◆ Available data:

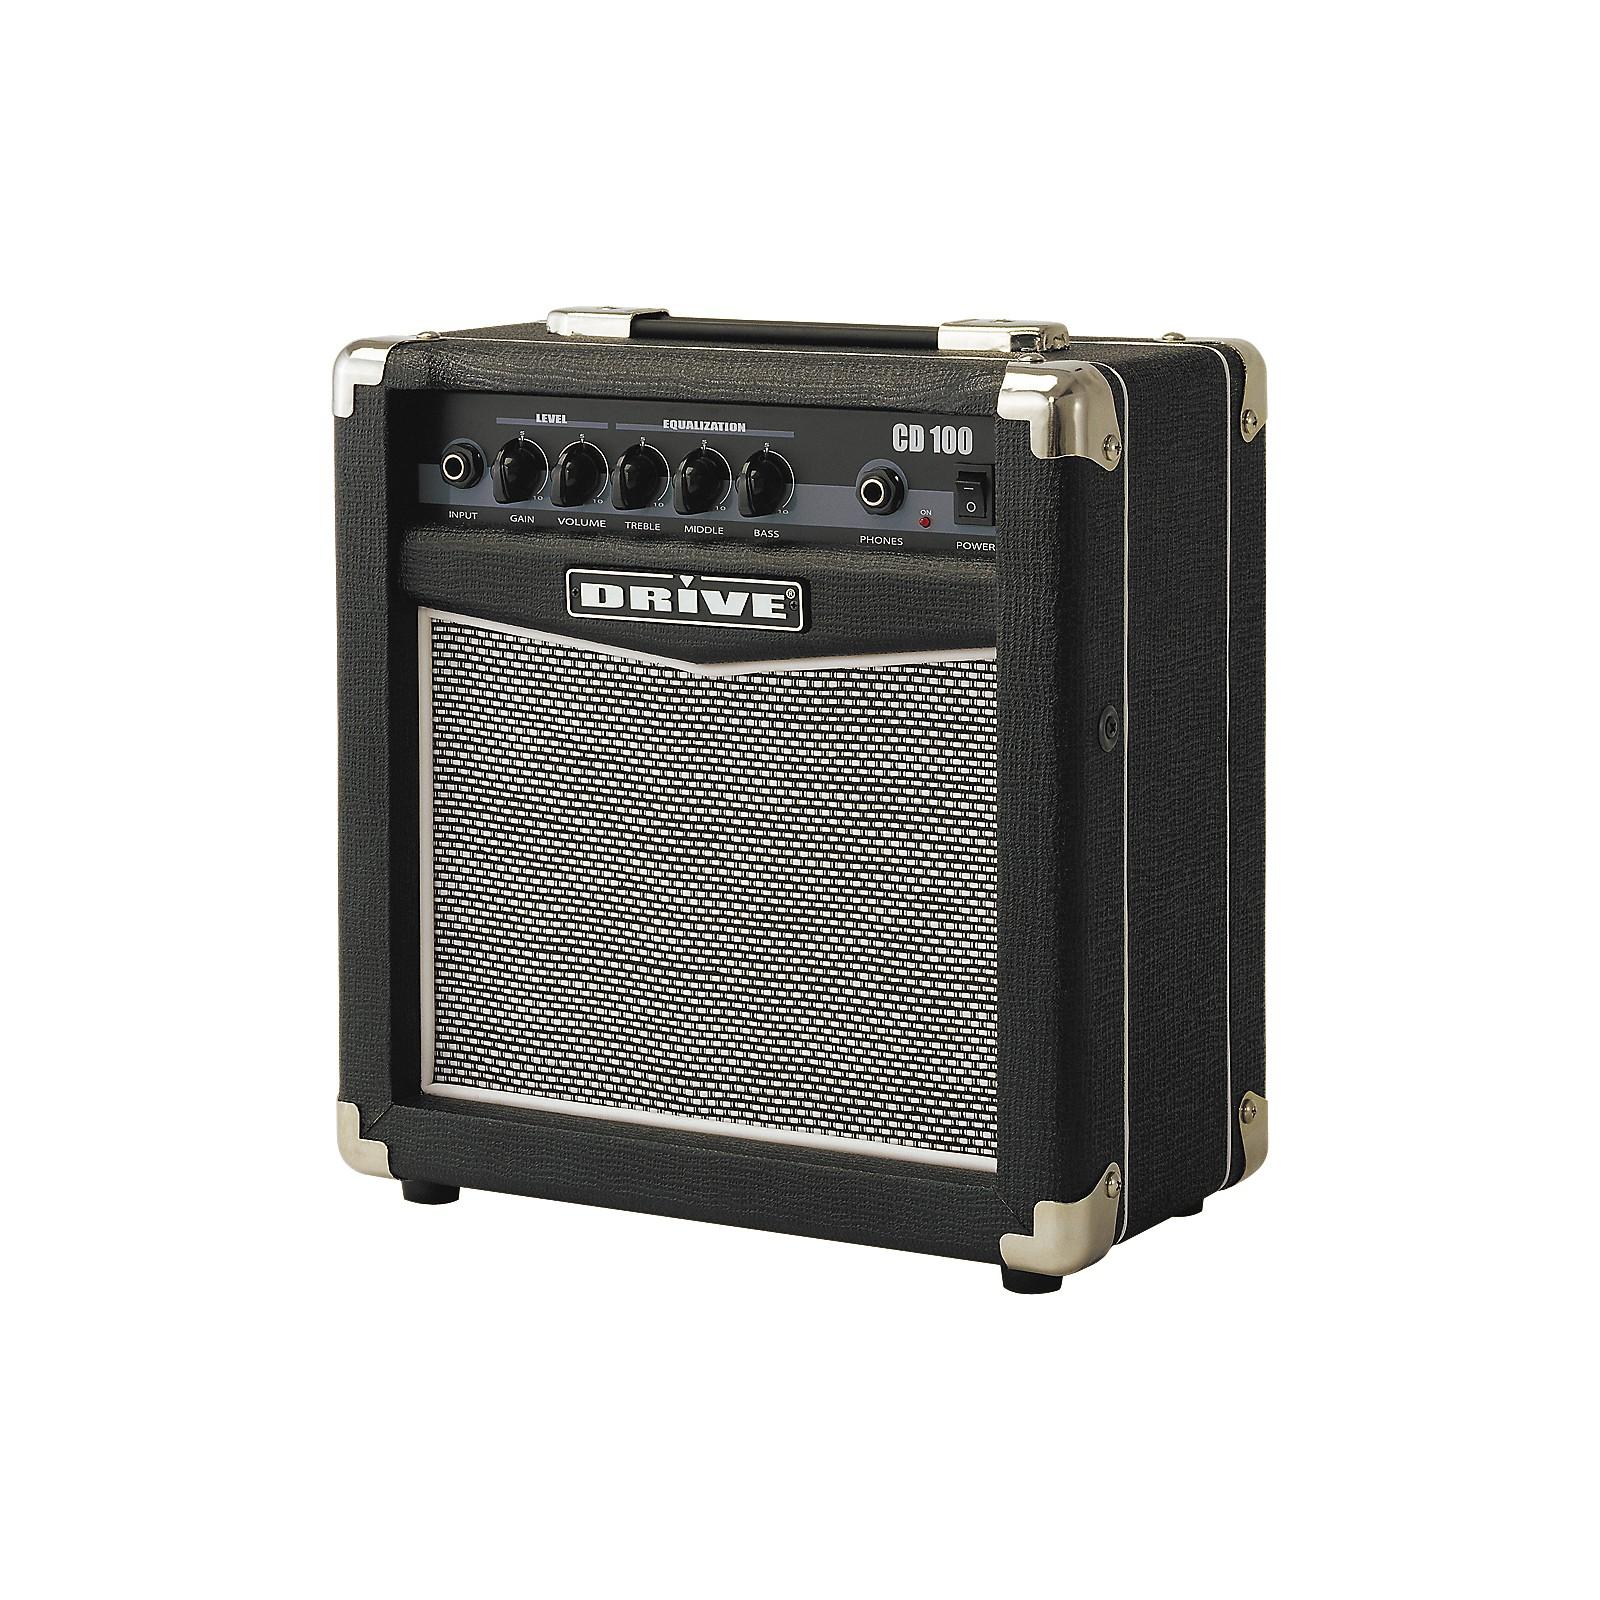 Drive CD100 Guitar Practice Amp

...

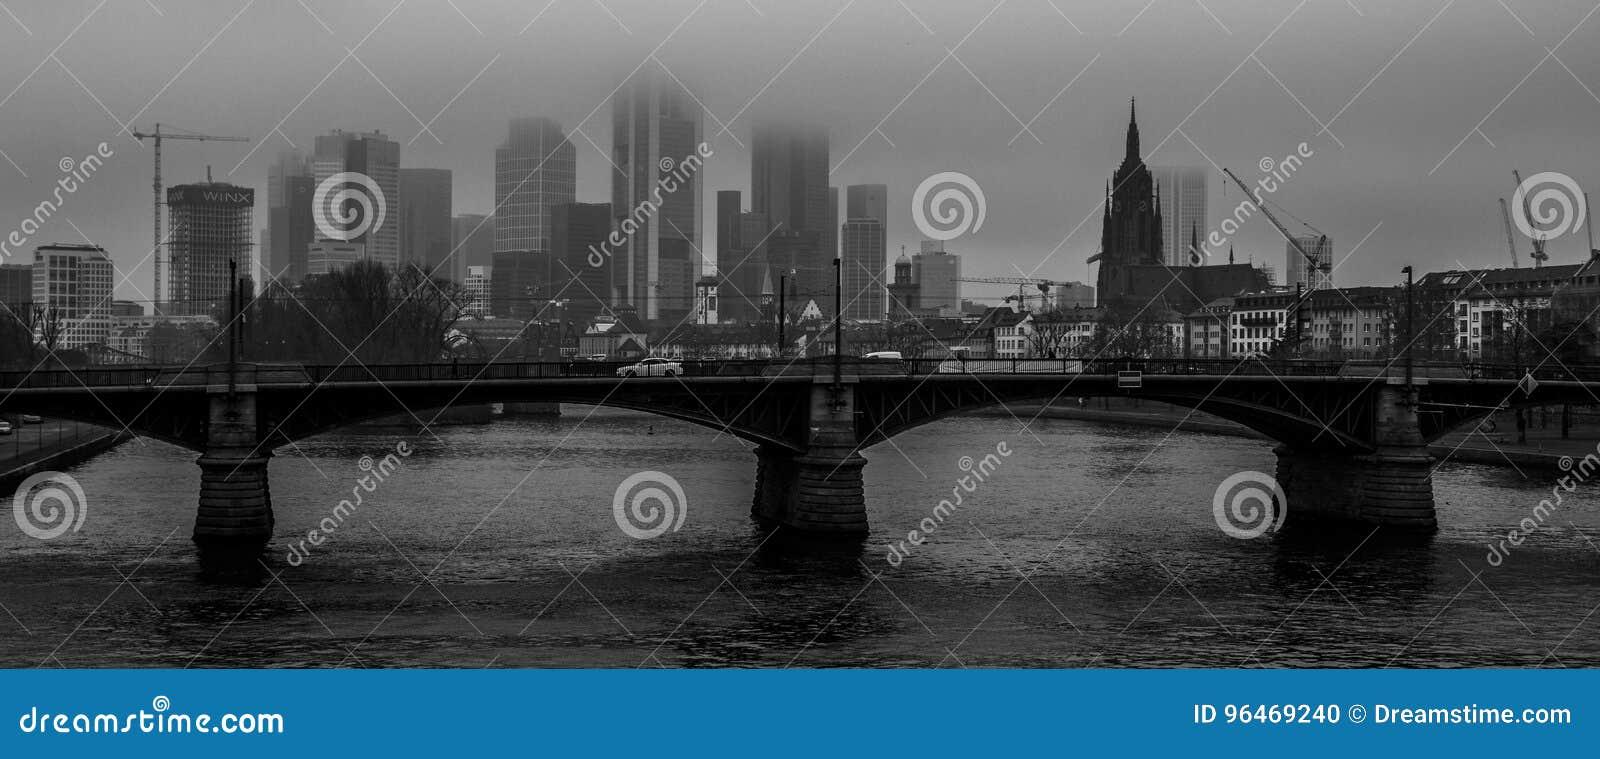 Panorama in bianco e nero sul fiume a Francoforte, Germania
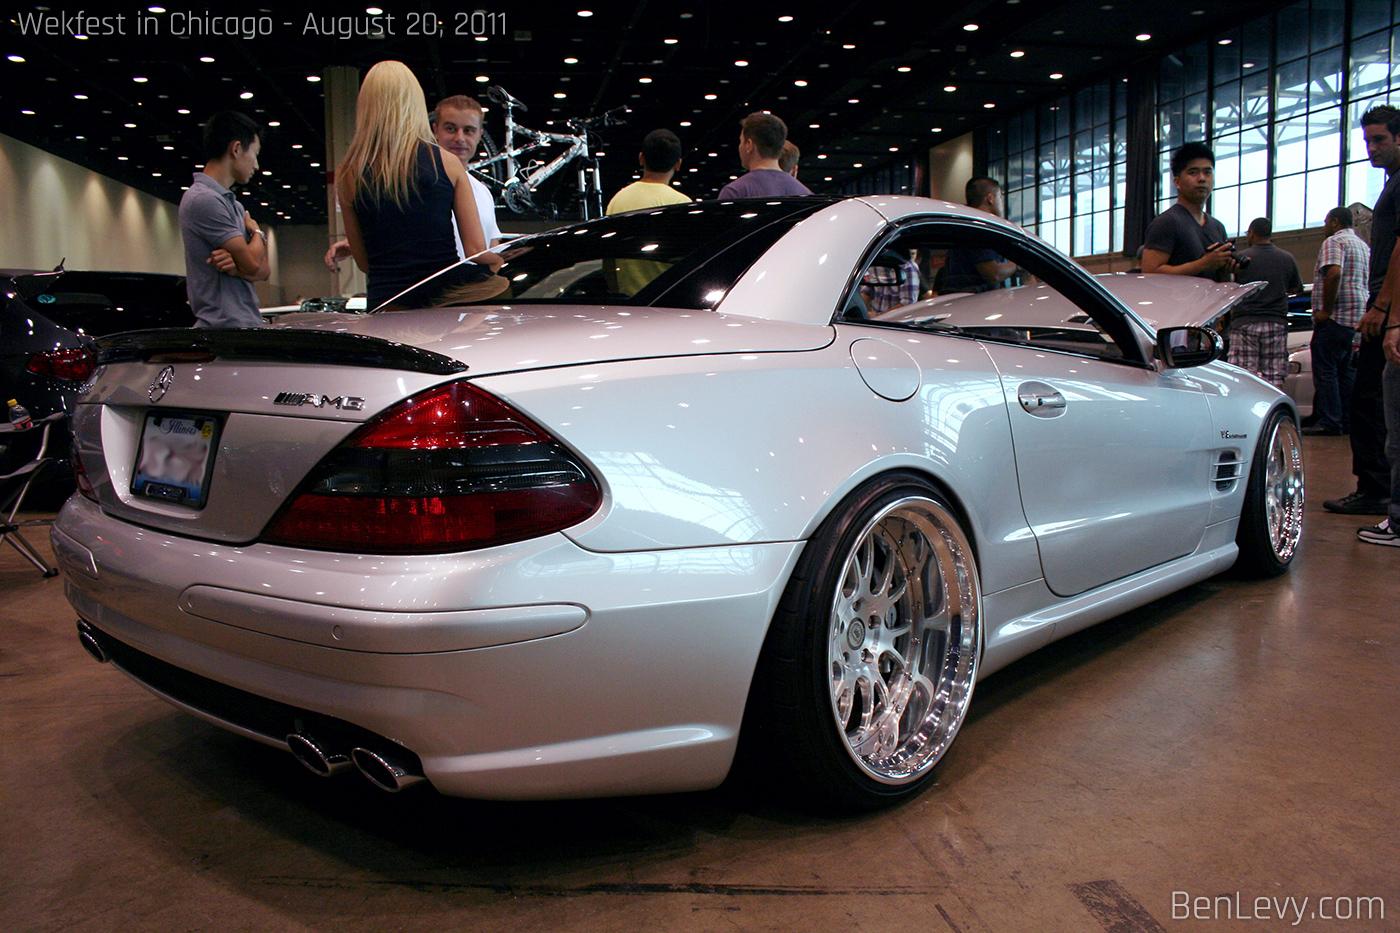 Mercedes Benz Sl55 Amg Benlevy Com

◆ Prompt:
Set down, exactly as written above, each line from the one with "Panorama in bianco" through the one with "Mercedes Benz Sl55 Amg Benlevy Com", and skip the pictures.

◆ Exercise response:
 Panorama in bianco e nero sul fiume a Francoforte, Germania
 Mercedes Benz Sl55 Amg Benlevy Com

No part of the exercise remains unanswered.